Setup Data Processing and Training Files

The following elements are required to process data or run pre-training.

Model Configuration File

MegaMolBART uses yaml based parameter files. The existing model configuration files can be found in examples/chem/conf and are based on the configurations for Chemformer:

Additional files can be created to suit other configurations. Though data processing does not require an explicit model configuration, one of these files (or the default) must be provided.

Python Run Script(training)

The yaml parameter files are read by the python file megamolbart_pretrain.py which runs the data processing and/or training loop. Typically changes will not need to be made to this file.

Shell Execution Script

The bash scripts found in examples/chem/slurm and examples/chem/shell, respectively, are configurable for the location of system directories for data, results, and (optionally) development code. These files are also used to configure the size of the training run (number of nodes and gpus). Note that multi-node training has been validated on SLURM-based systems.

Data Preprocessing

Download and Pre-Process CSV Data

By default, the python pretrain script uses a subset of the selected ZINC15 tranches to process and train. This is to prevent ~100GB of data from being downloaded accidentally. To process with all of the data from the ZINC15 tranches, the following modification is required:

Change the links_file path from 'conf/dataset/ZINC-downloader-test.txt' to 'conf/dataset/ZINC-downloader.txt' in the config file here

links_file: 'conf/dataset/ZINC-downloader.txt' # to process with all of the ZINC15 data

The data processing can then be run as described in the Data Processing section of the Quickstart Guide. Alternatively, to avoid having to set ++do_training=False from the command line, ensure that the following is set (or added) to the top level of the appropriate yaml config file:

do_training: False # set to false if data preprocessing steps must be completed

Download and Pre-Process Binary Data (BETA)

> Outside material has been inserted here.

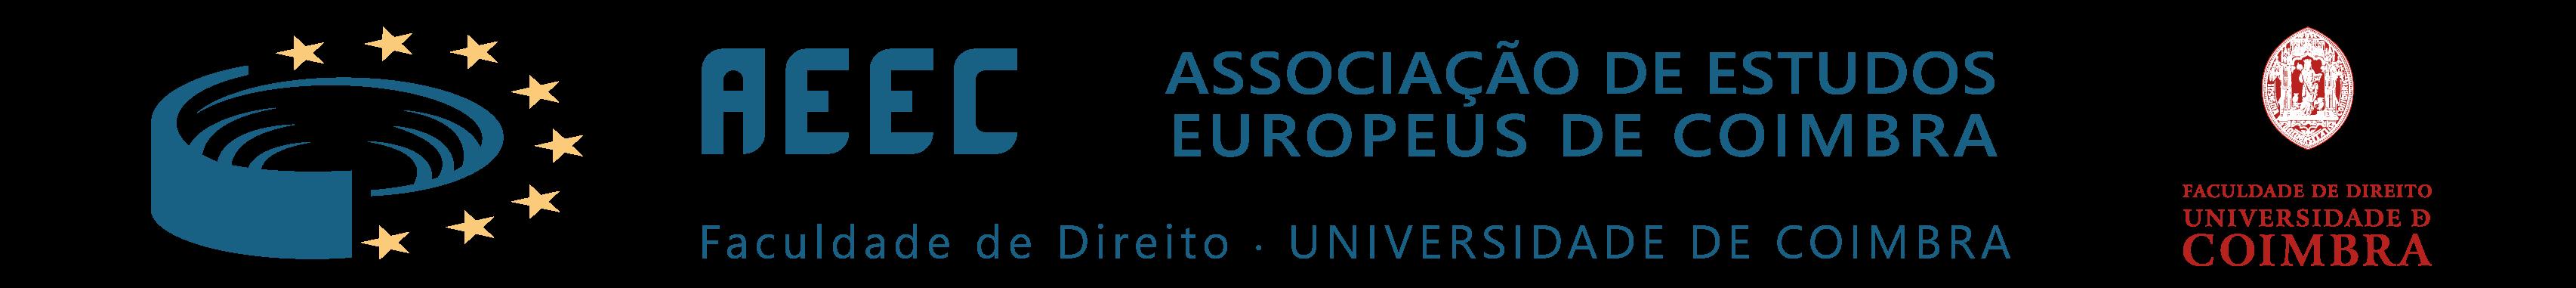 AEEC . Associação de Estudos Europeus de Coimbra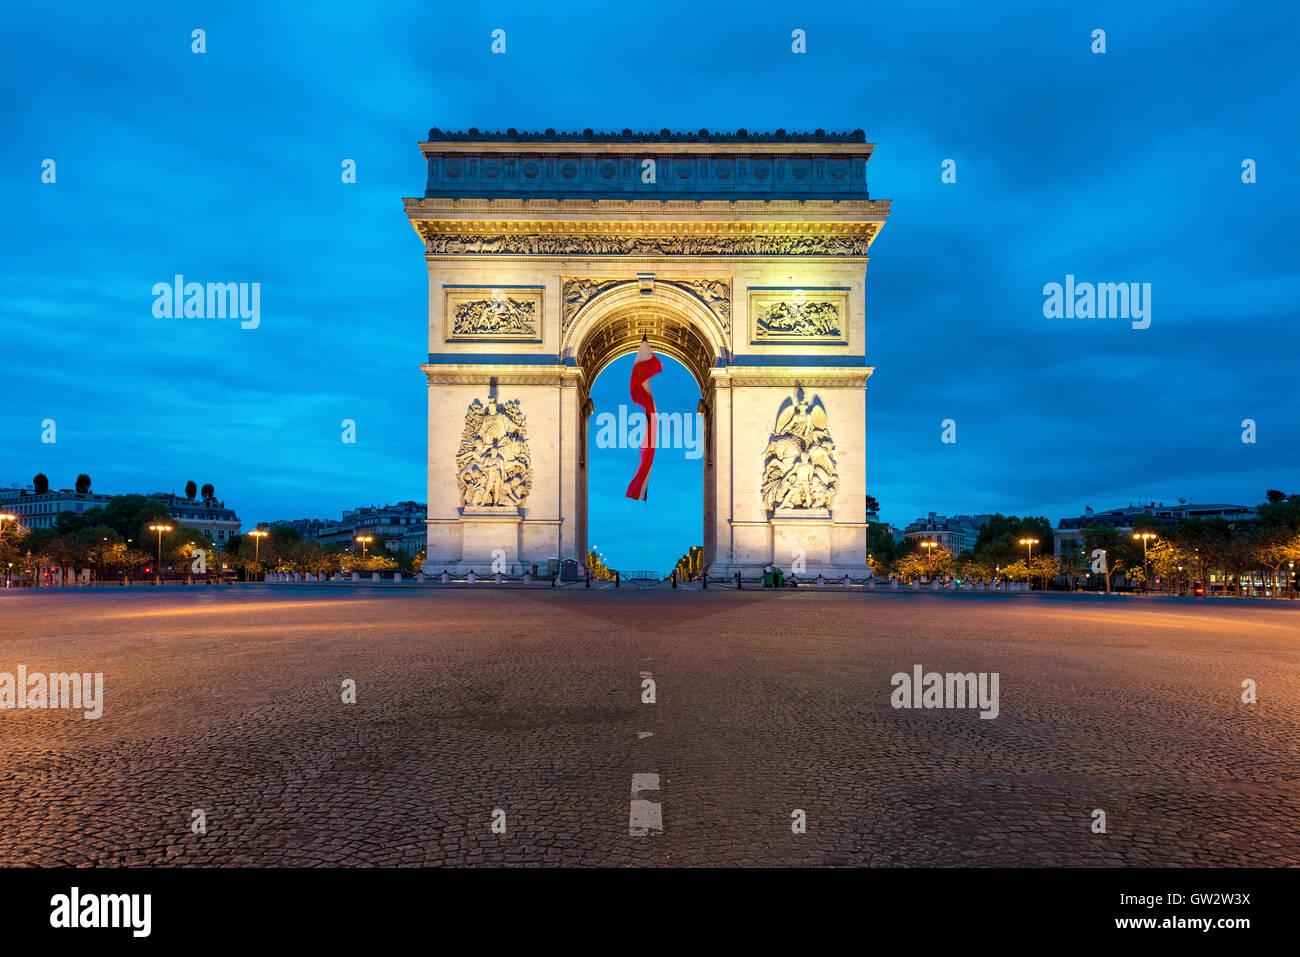 Arco de Triunfo y los Campos Elíseos de París con un gran pabellón de Francia bajo el arco en Europa Imagen De Stock

Training can also be performed using NeMo's Megatron binary data format, which in some cases might further accelerate training times relative to CSV. This data format will first create a CSV version of the data (see above section) if it does not already exist. If a CSV version is already present, it will be used.

To create binary data, ensure the following is added to the model section of the yaml file, during data processing. The binary data format pre-calculates a user-specified maximum number of enumerated SMILES molecules. This can be specified, and a suggested default is 5. Setting the number of enumerations to a very large number will result in larger data files and longer data pre-processing times.

    dataset_format: bin # Set to csv (default) or bin
    num_enumerations: 5 # Set to the number of SMILES enumerations to be stored


Training is performed as described in the Training MegaMolBART section of the Quickstart Guide. One additional feature of note is that ranges of data files can be selected. For example, to select all of the data files (numbered 000 to 146), use the range indicator x[000..146]. For only ten files, use x[000..009]. Ensure these are set as appropriate for the train, validation, and test splits as below in the yaml config file:

    dataset_format: csv # Set to csv (default) or bin
      train: x[000..146]
      test: x[000..146]
      val: x[000..146]

NOTE: Do NOT add an extension to the data file lists. The appropriate extension (csv or bin) is added automatically.

The training can be run as described in the Quickstart Guide. Additional parameters can be set in the yaml configuration file or in the shell/SLURM script as appropriate.

Testing model

Please follow these instructions to inference a trained model.

  1. Add 'MODEL_PATH' in .env file located in the source code root dir. Please ensure the value is the directory on the host machine containing the model file.
  2. Edit 'examples/chem/conf/infer.yaml' to update 'model.model_path'. Change the filename to the desired model name. Please donot change the folder name. e.g.
        model_path: /models/<<CHANGE ME.nemo>>
  3. Execute './launch dev'

To test/verify all inference operations please execute pytests --log-cli-level=10 tests/test_inference.py inside the container.